Using organic aphid killers is safer for the environment and people; particularly young children and of course, cats and dogs. With basic household items, safe and effective solutions can be made to fight bugs in the garden. Most local garden supply stores carry organic ‘pesticides’ as well.
The garden is in full bloom by mid-summer and pests will show up then as well. Of the varied nuisances to plague rose plants, aphids are the number one culprits. The drier the summer, the more likely it is for these pesky bugs to attack.
A regular inspection of leaves will help detect damage caused by these bugs; curled, disfigured foliage is the sign you’re looking for. Summer rains can be hard enough to literally wash bugs off of the leaves.
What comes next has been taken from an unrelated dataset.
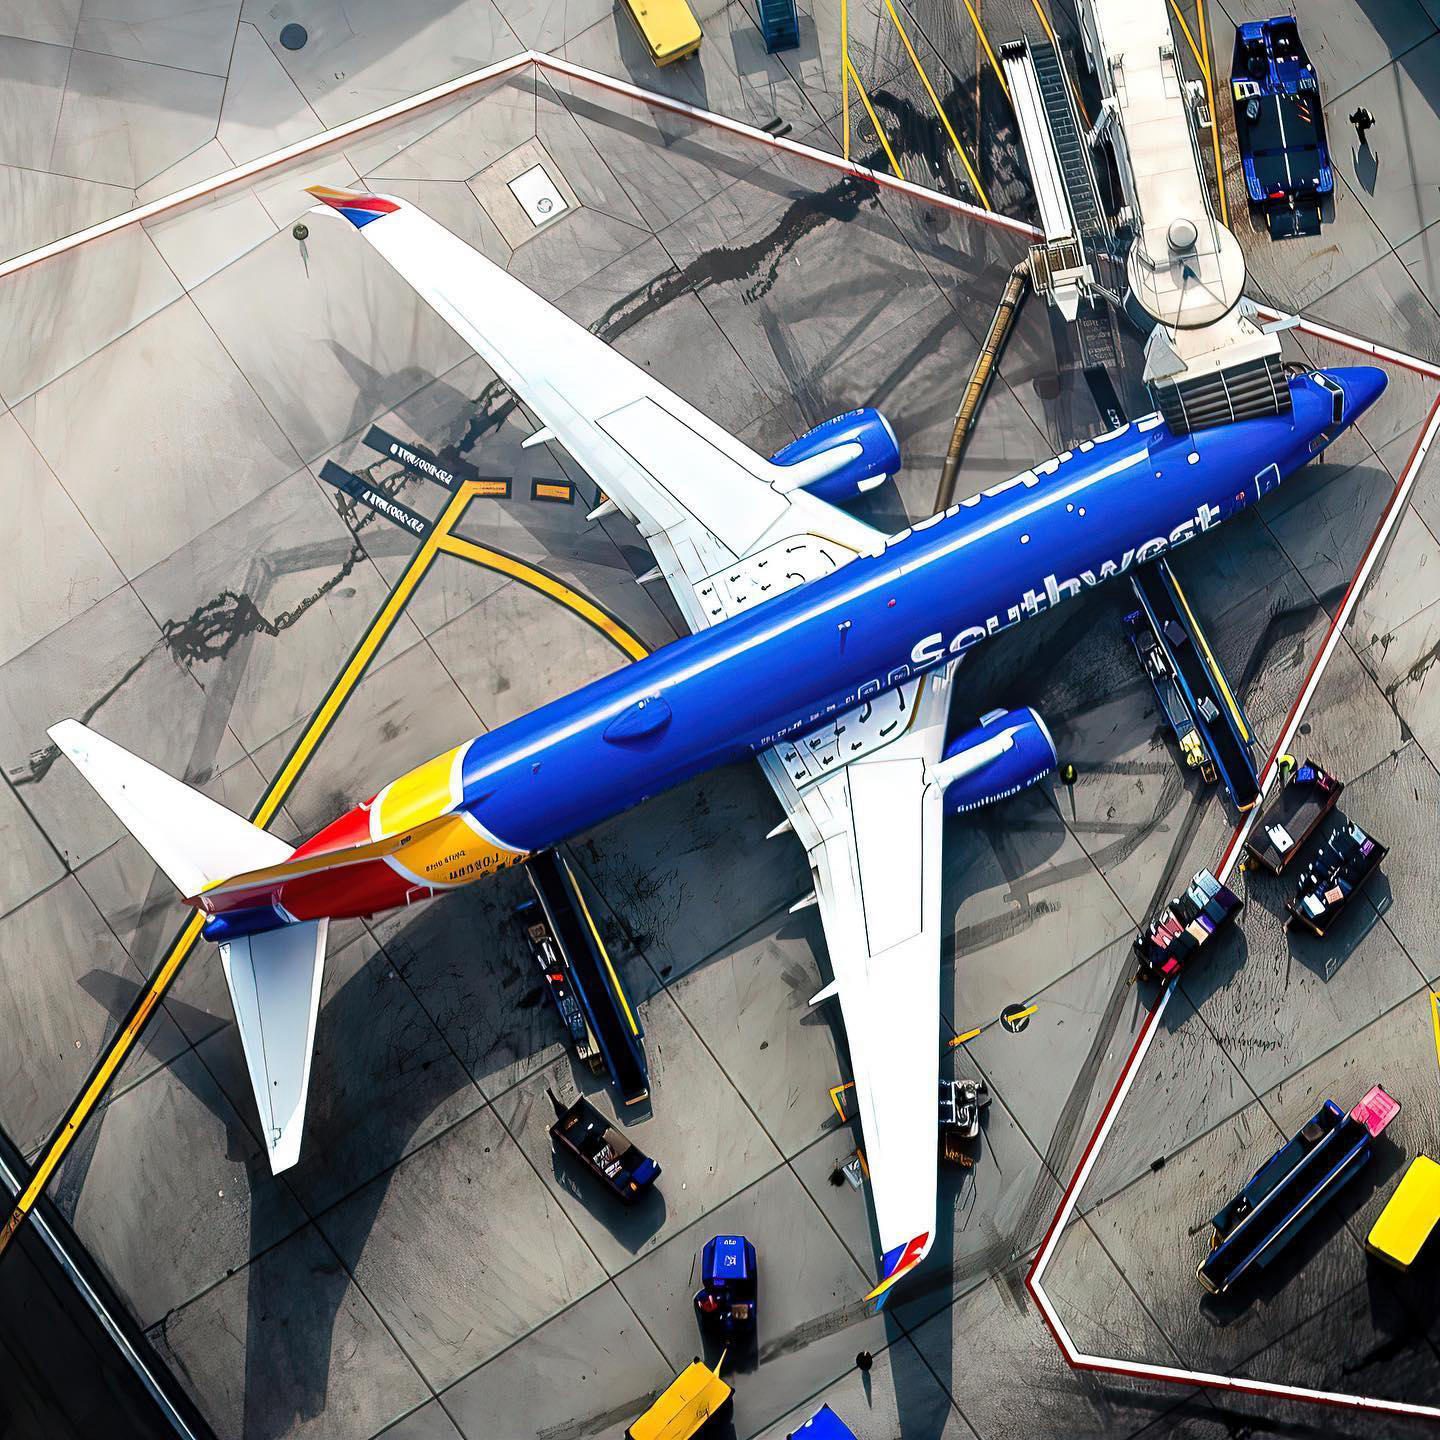 Southwest Airlines - Plot twist, an aircraft from above took a picture of an aircraft below

In dry spells get out the garden hose and spray rose plants to help remove aphids.
For every bad bug in the garden, there is a countering force. For aphids, it’s the ladybug. You may find this cute red bug in your garden, but if your roses are under attack by aphids, the natural supply of ladybugs won’t do the job. A bulk purchase can be made at a local garden shop or specialty websites. All you do is release them in the garden and within a few days the aphids will disappear. Ideally, the ladybugs should be replenished every several weeks.
The least expensive and old-fashioned technique for ridding flowers of bugs is to pick the bugs off leaves, one at a time and squash them. It’s a time consuming job – and messy – but effective. There are other bugs that prey on roses as well, the Japanese beetle and spider mites can be problematic. Japanese beetles, recognized by their green head and copper-colored body eat the leaves and flowers. The hand plucking method is most effective with these bugs.